Westward the Women—Robert Taylor, John McIntire, Denise Darcel, Hope Emerson (1951; Dir: William Wellman)
Surprisingly effective wagon train story, perhaps the best ever made. Despite the title, the lead character is Buck Wyatt (Robert Taylor), the hard-bitten wagonmaster leading an international wagon train full of women from Independence to California in 1851. Although the cast of women has no big names in it, it’s an effective group with good differentiation between characters. Perhaps that’s Wellman’s doing.
Buck Wyatt is recruited by Roy Whitman (John McIntire), founder of a town in California without women, to guide the wagon train from Independence, Missouri. That’s a long way, and many of the men initially hired can’t keep the rules imposed and leave the women alone. So it’s mostly Wyatt, Whitman and the women, who have to adapt to the harshness of the trail. Whitman intends the women as potential brides for all the unattached men in his town, and for a woman to be willing to undergo this trek, there must be some backstories to them. There are, and many of them come out bit by bit.
Taylor is excellent, as is Denise Darcel as Fifi Danon, his eventual romantic interest. There are good scenes of what it takes to get wagons through difficult terrain, and what it cost in terms of life. There’s an Indian attack, during which no actual Indians are shown, flash floods, mule stampedes and equipment failures. A particularly effective scene is the aftermath of the Indian raid, when various women call out the names of the dead and the camera pans to each victim’s lifeless body. It shouldn’t work as well as it does; Wellman again. Henry Nakamura as Ito the cook is also very good, as is Hope Emerson as Patience. In black and white with very good use of what appear to be southern Utah locations.
There are the usual mistakes with women wearing pants (they absolutely wouldn’t have in Victorian times), and, with the exception of Patience, they don’t appear to wear hats or other headgear in the desert nearly as much as they would have had to. We know that’s so we can see their faces and differentiate among them, but still. Wellman appears to have minimized the makeup on the women as well. As with most westerns set in the 1840s and 1850s, the guns are anachronistic. In black and white, with cinematography by William C. Mellor; story by Frank Capra. Robert Taylor played a character named Wyatt in his last western as well: Return of the Gunfighter (1967).
Director Wellman was notoriously disdainful of actors, but he liked Robert Taylor. “I have never gotten along with actors but I was crazy about Bob Taylor. I think he’s one of the finest men I’ve ever known. He was probably handsomest of them all. I had no trouble with him at all. He did everything I asked him to; he was wonderful.”
This was shot on location around Kanab, Utah, so even the scenes where they take off from Independence, Missouri, look like southern Utah. Southern Utah may have a lot of variety in the scenery available around Kanab, but none of them look much like Missouri. The desert scenes were shot in the Mojave Desert. The movie has no music except over the opening and closing credits, and it’s one of the things that gives it verisimilitude.

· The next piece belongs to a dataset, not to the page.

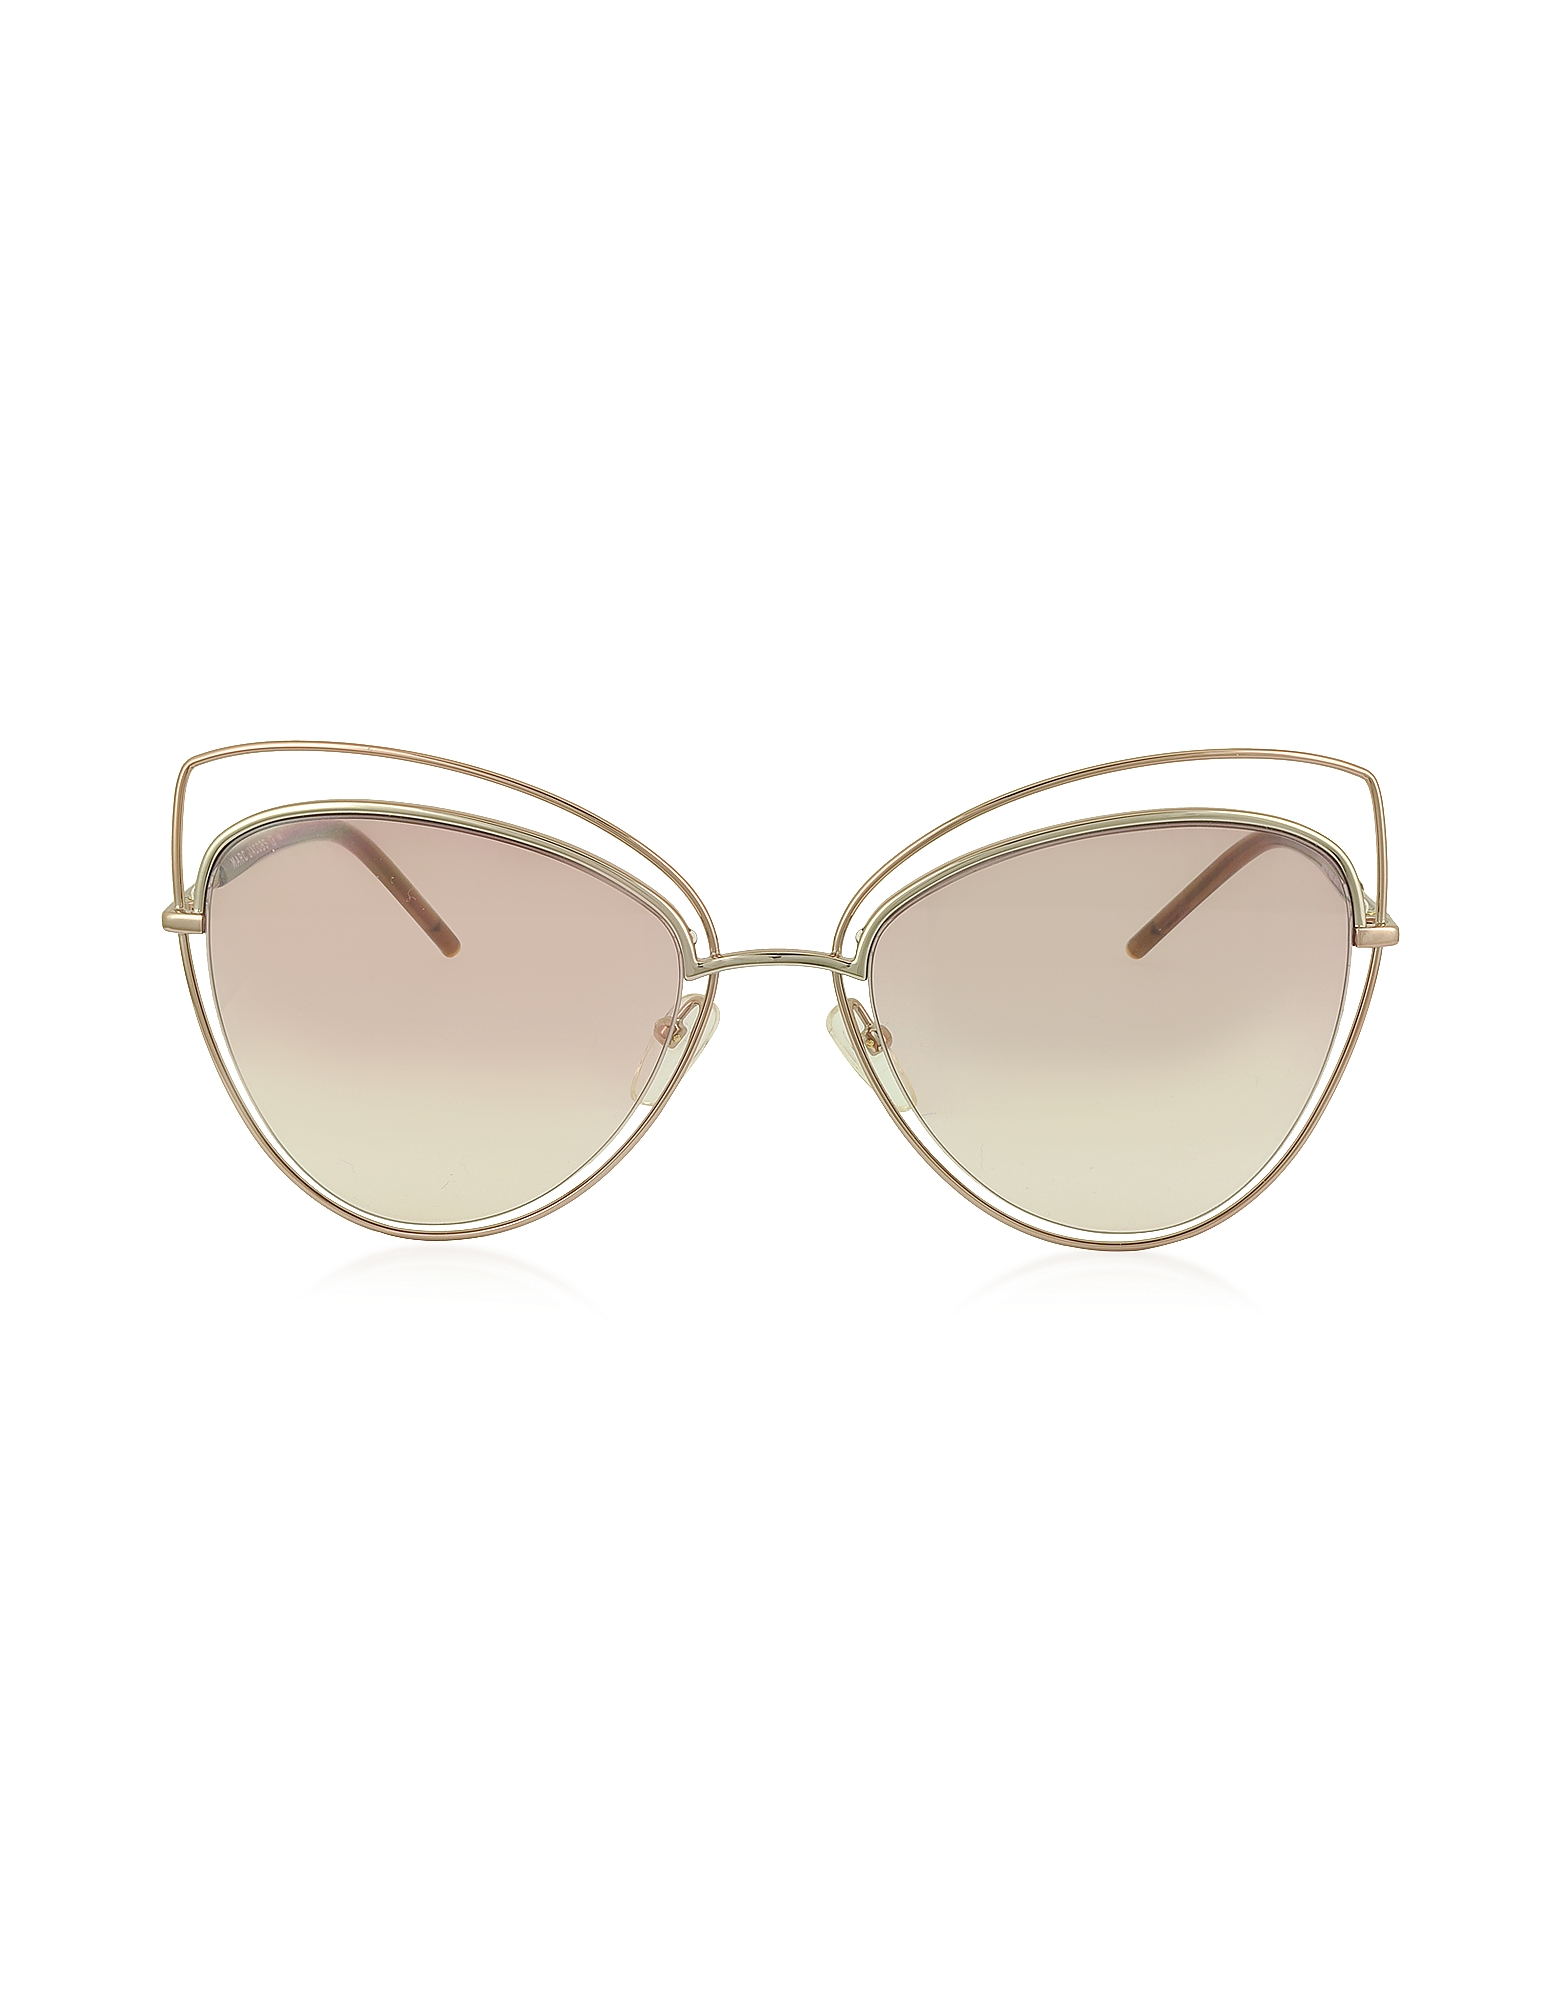 Marc Jacobs Sunglasses, MARC 8/S Metal and Acetate Cat Eye Women's Sunglasses

This was finally available on DVD in May 2012 from the Warner Archive. The DVD contains an excellent commentary by film historian Scott Eyman. For another good wagon train movie from the same period, check out John Ford’s Wagon Master (1950). For another good Robert Taylor western from about the same time, see him in Ambush.(also with John McIntire). For another good western directed by William Wellman from this period, see Yellow Sky with Gregory Peck and Anne Baxter.